TRY IT - Each line of the data must be given back verbatim, with pictures removed.

DATA EXTRACT -
********************

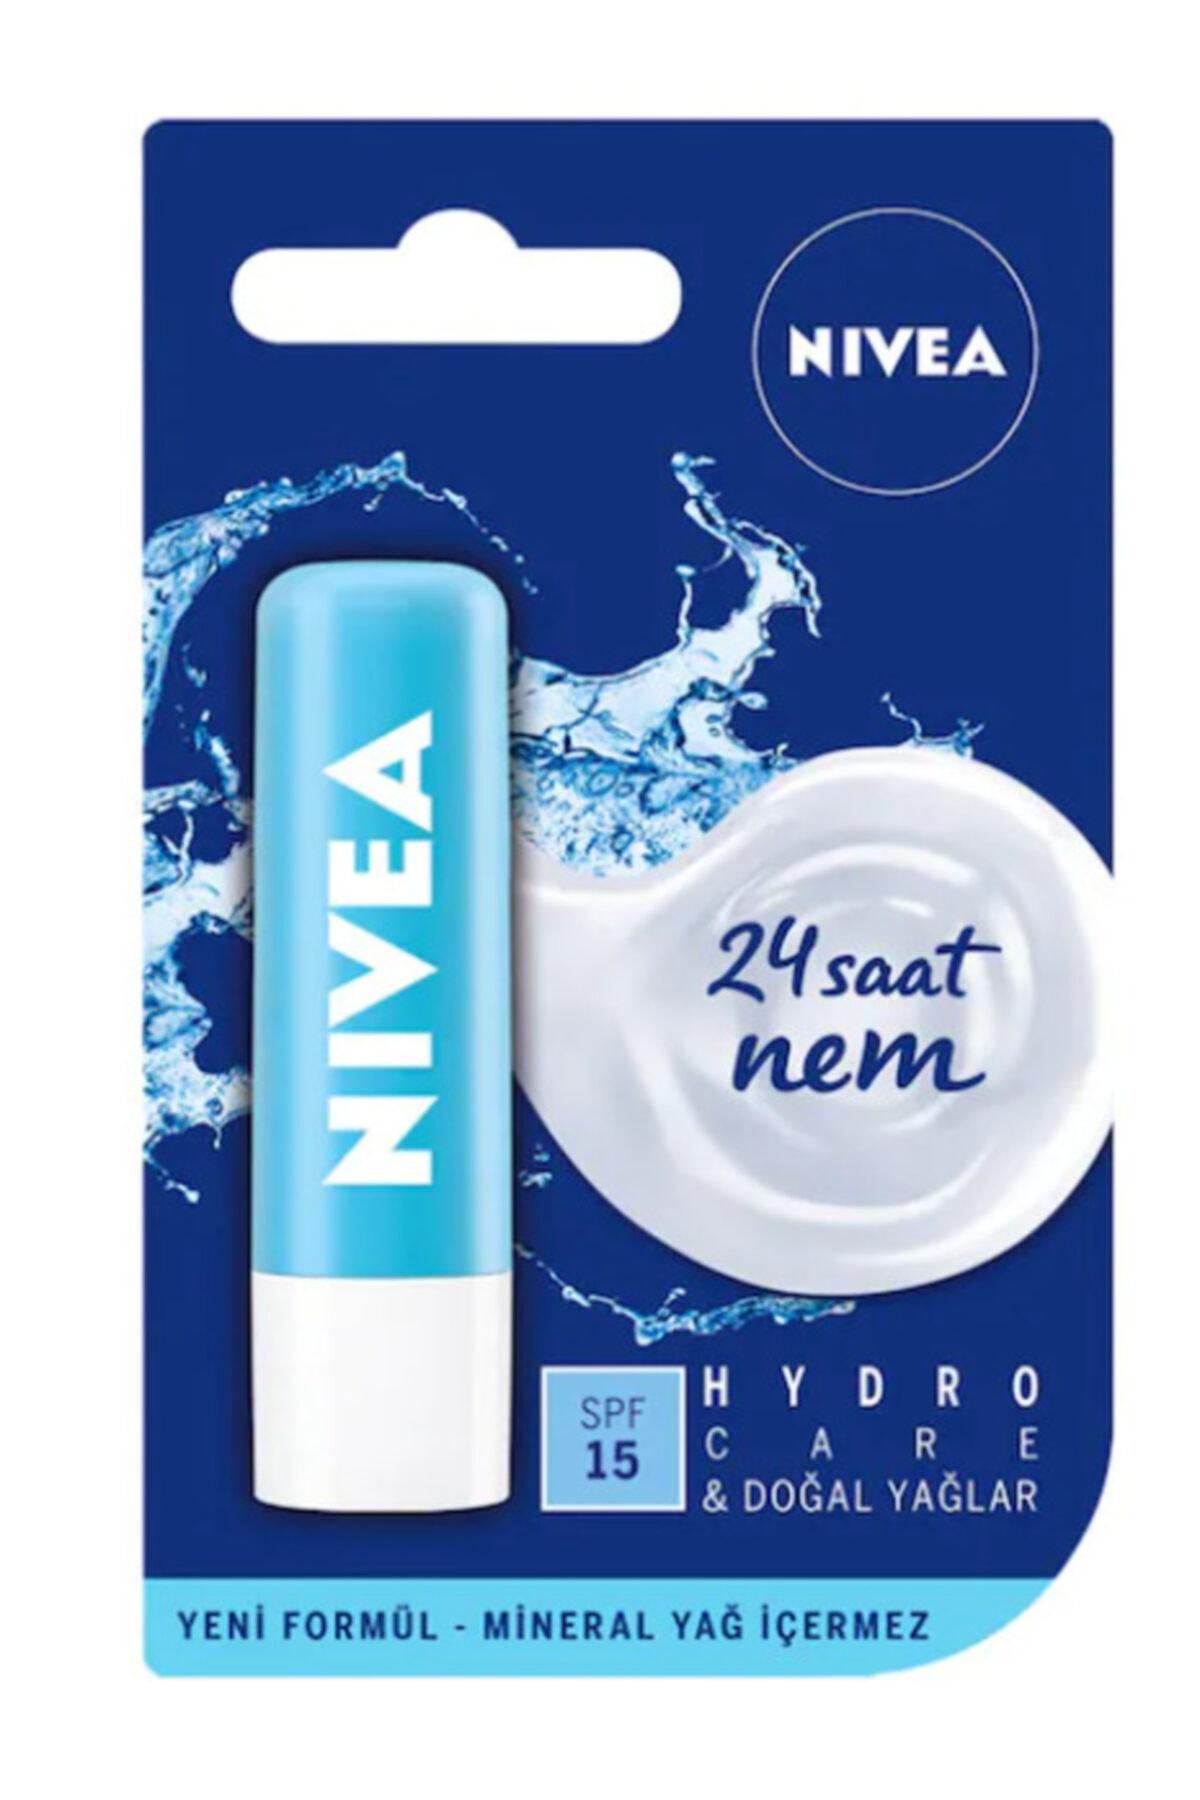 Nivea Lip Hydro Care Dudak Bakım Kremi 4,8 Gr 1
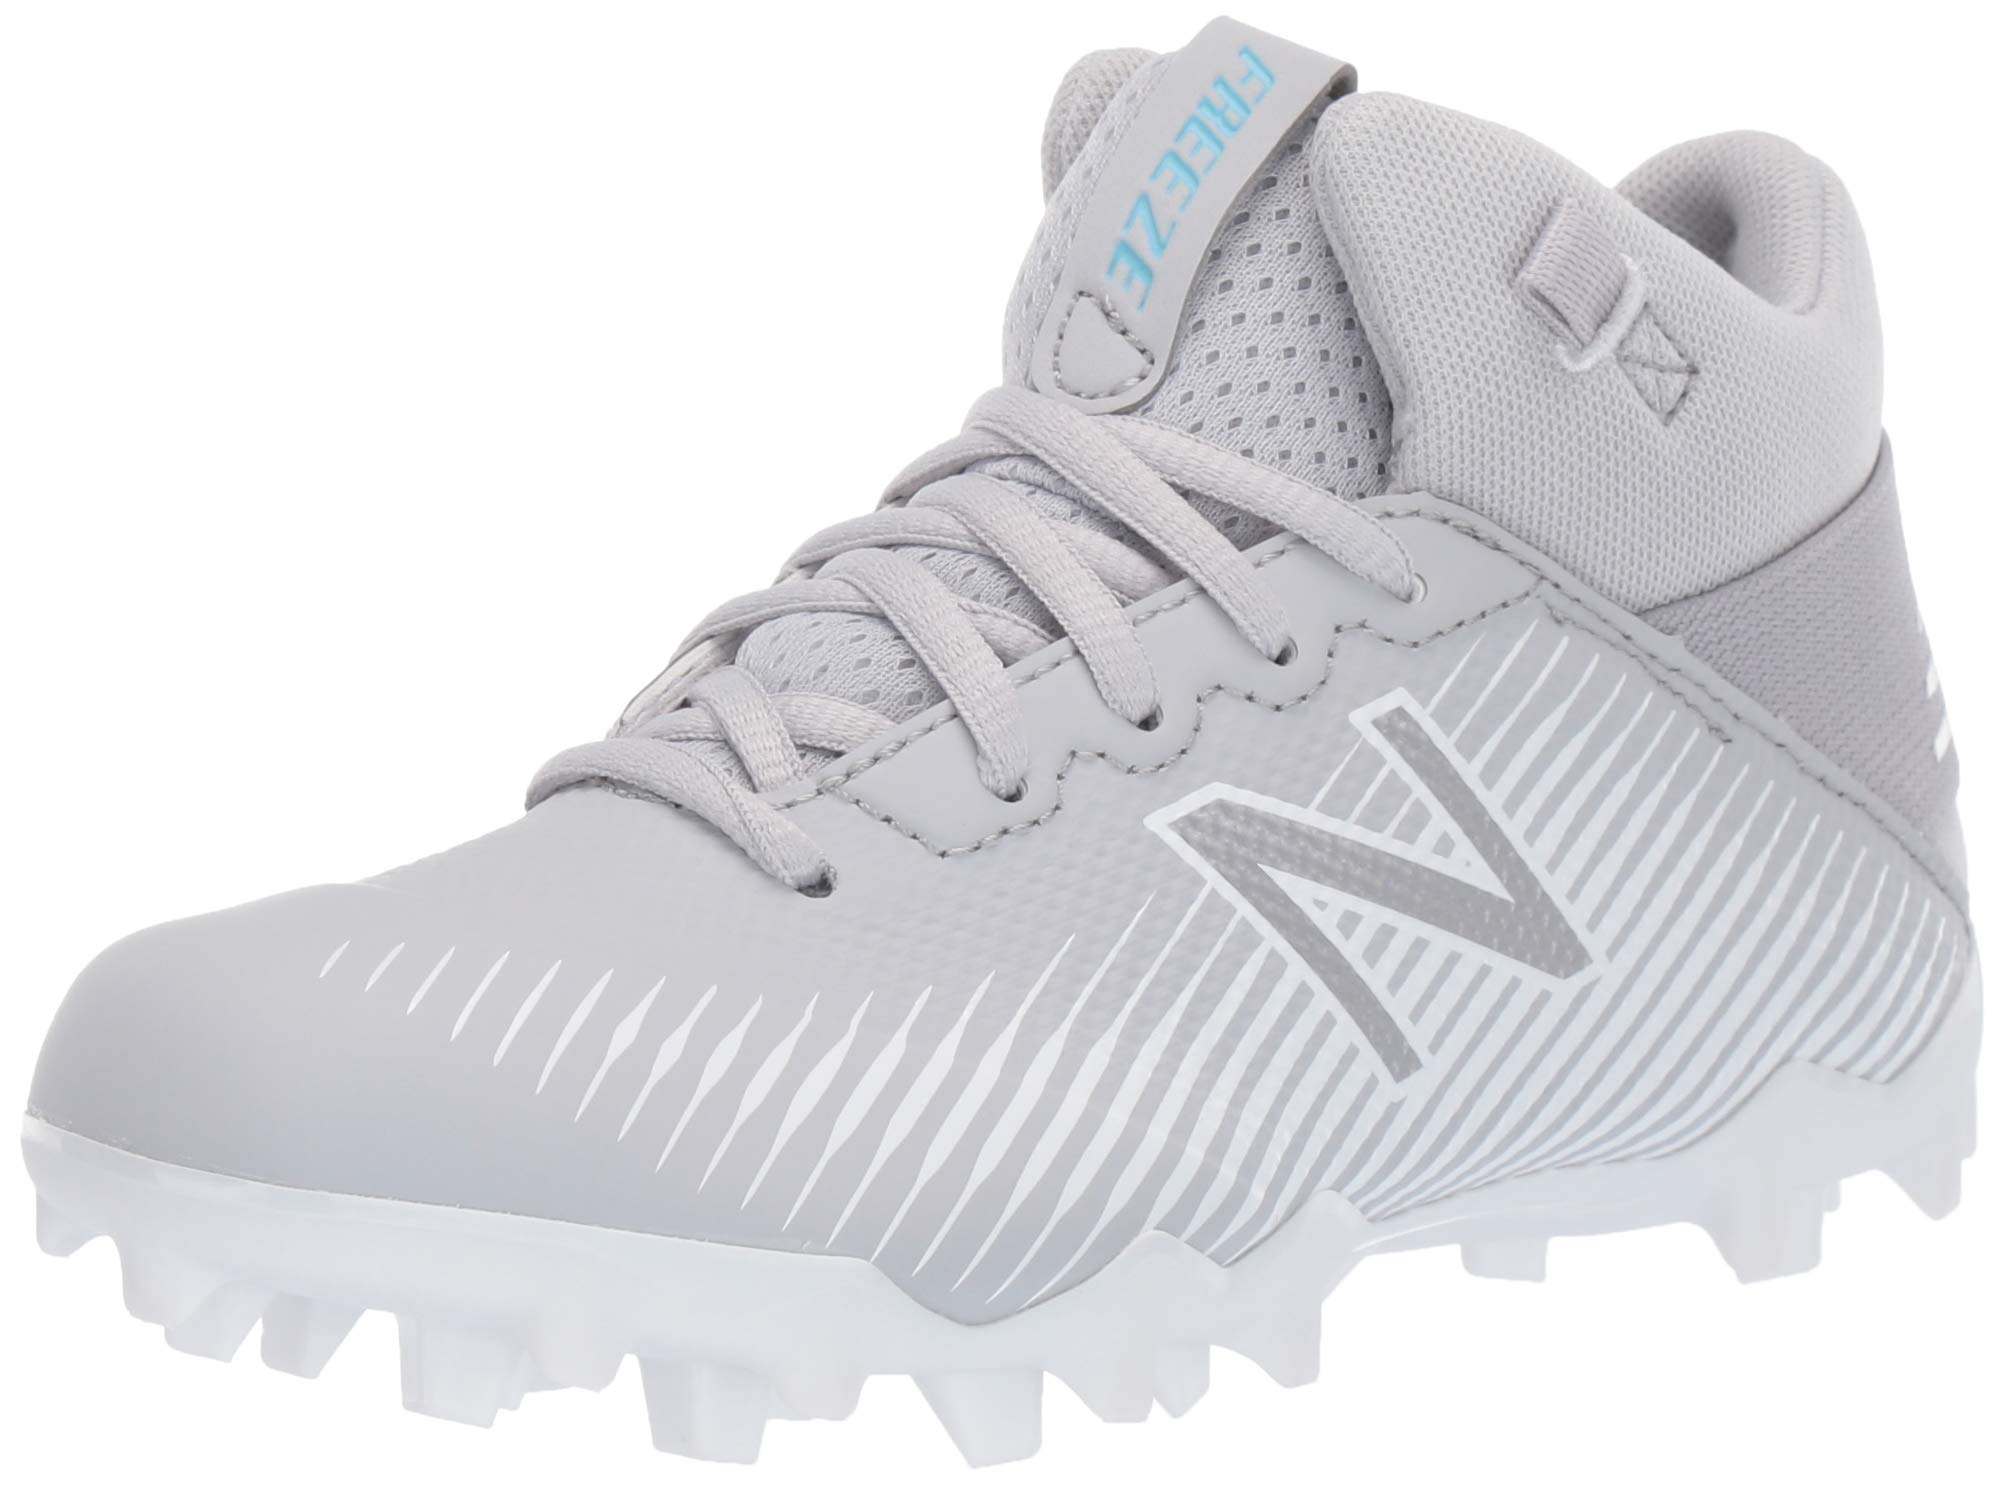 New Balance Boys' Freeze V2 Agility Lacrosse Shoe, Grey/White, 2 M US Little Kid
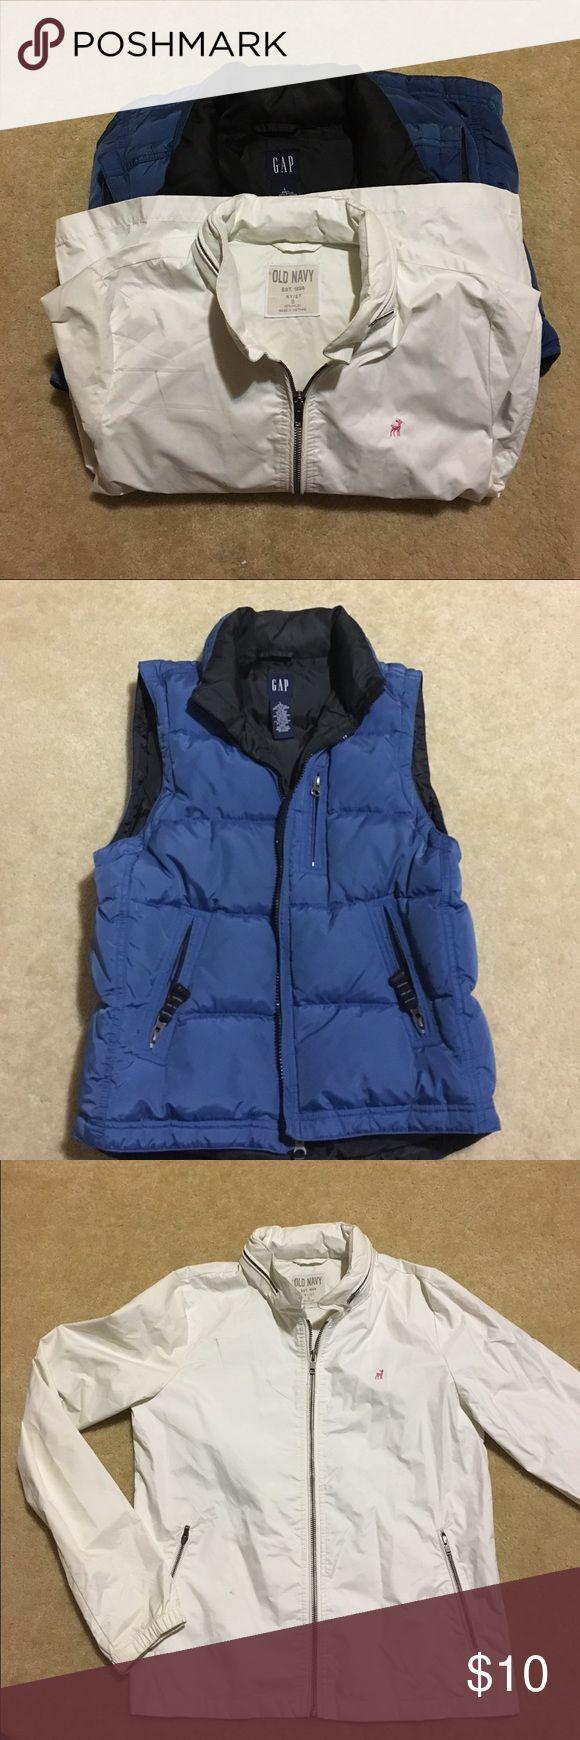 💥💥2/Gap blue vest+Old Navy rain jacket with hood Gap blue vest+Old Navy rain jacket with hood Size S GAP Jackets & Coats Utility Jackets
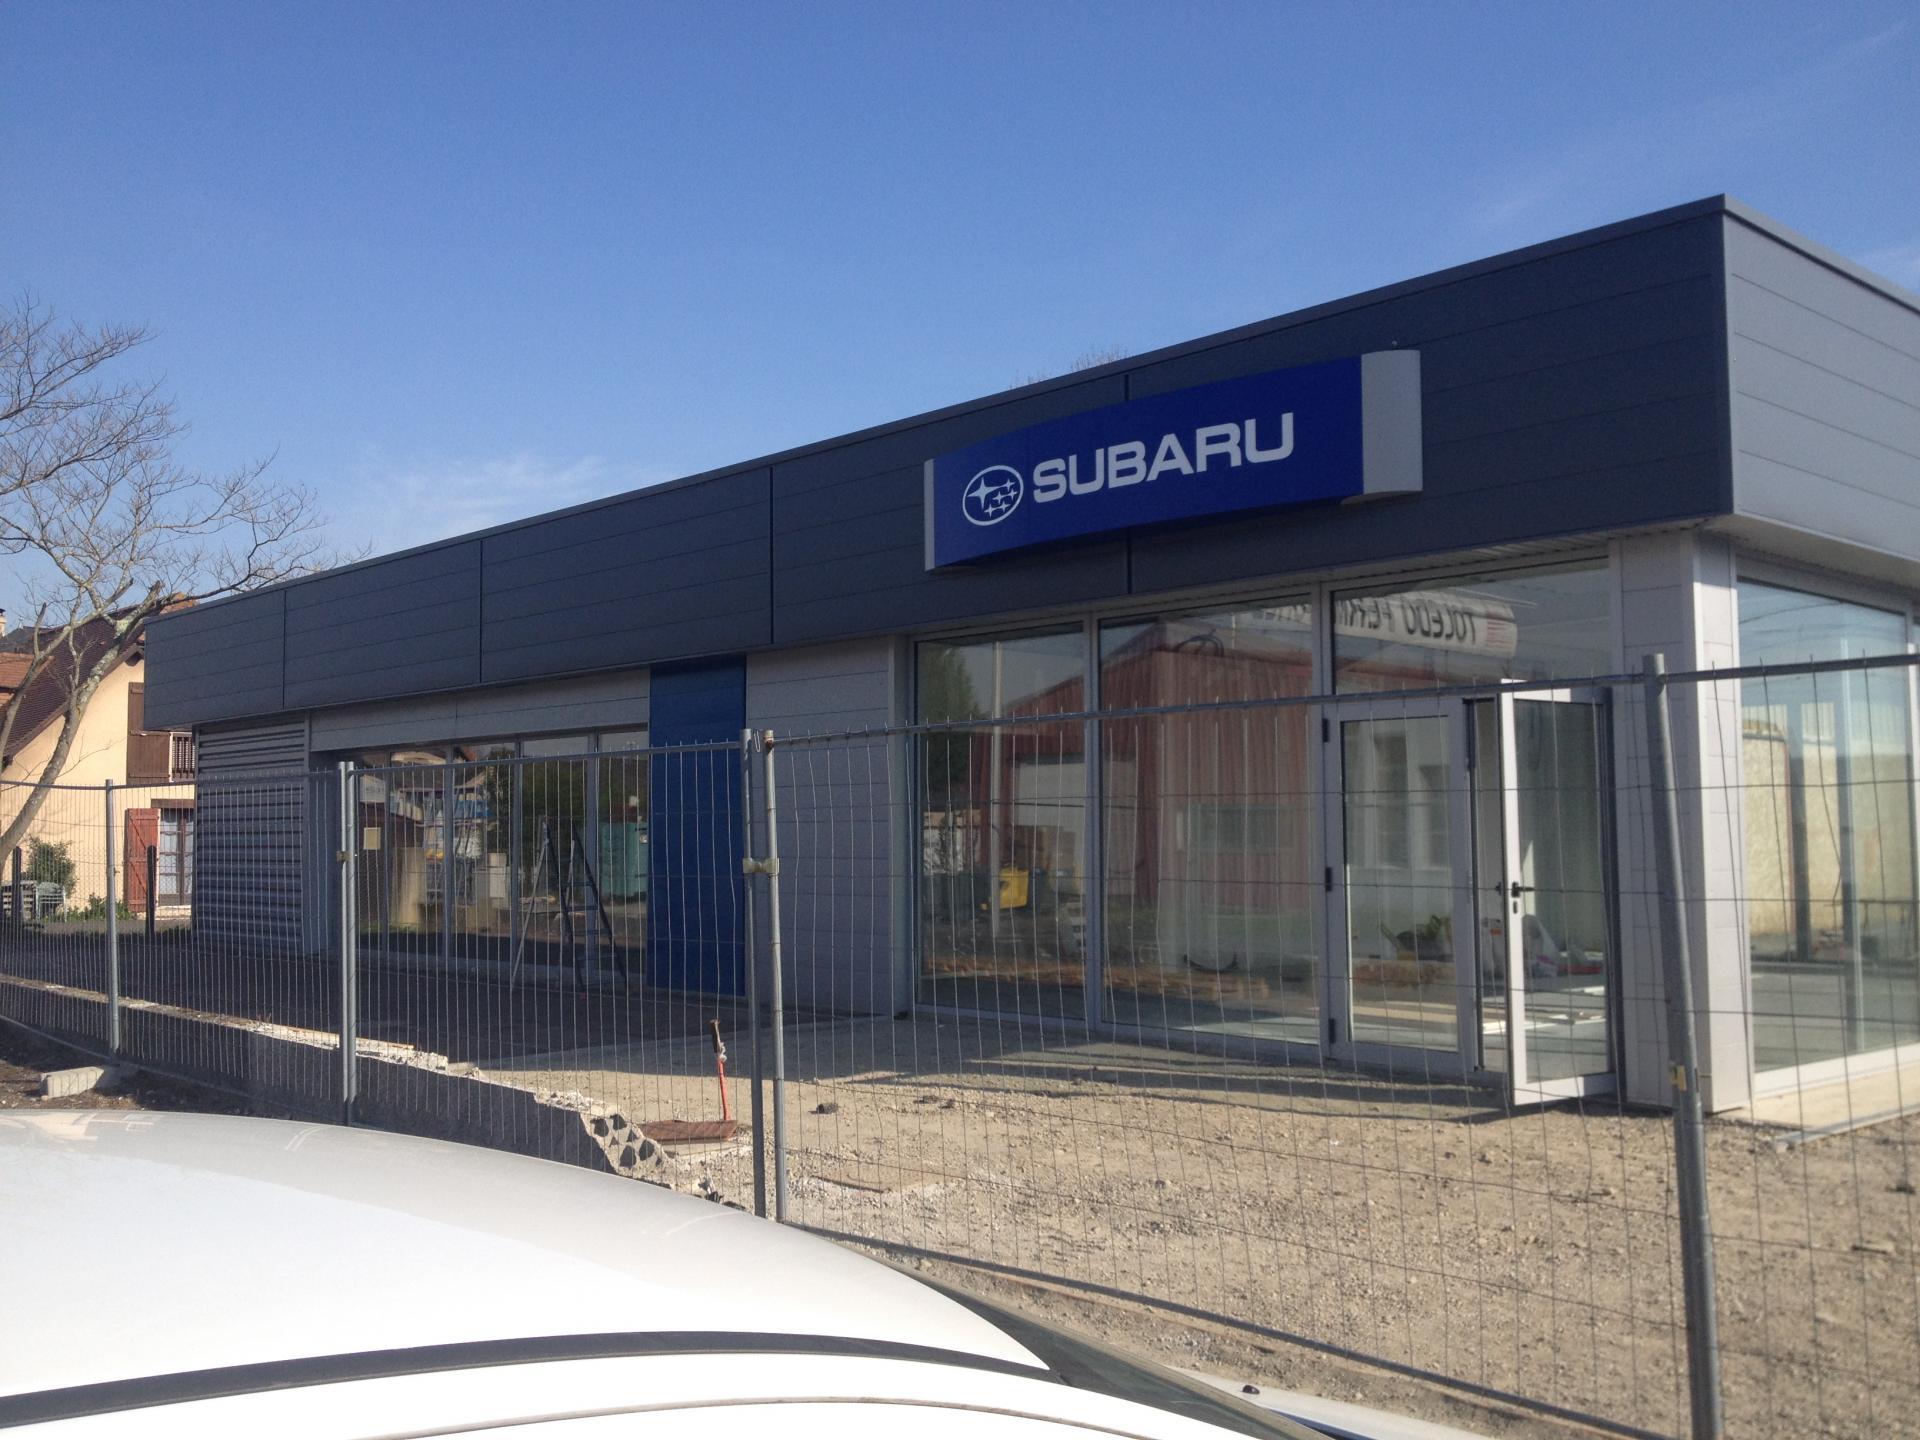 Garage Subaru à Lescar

********************

ANSWER TO THE EXERCISE -
 Nivea Lip Hydro Care Dudak Bakım Kremi 4,8 Gr 1
 New Balance Boys' Freeze V2 Agility Lacrosse Shoe, Grey/White, 2 M US Little Kid
 💥💥2/Gap blue vest+Old Navy rain jacket with hood Gap blue vest+Old Navy rain jacket with hood Size S GAP Jackets & Coats Utility Jackets
 Garage Subaru à Lescar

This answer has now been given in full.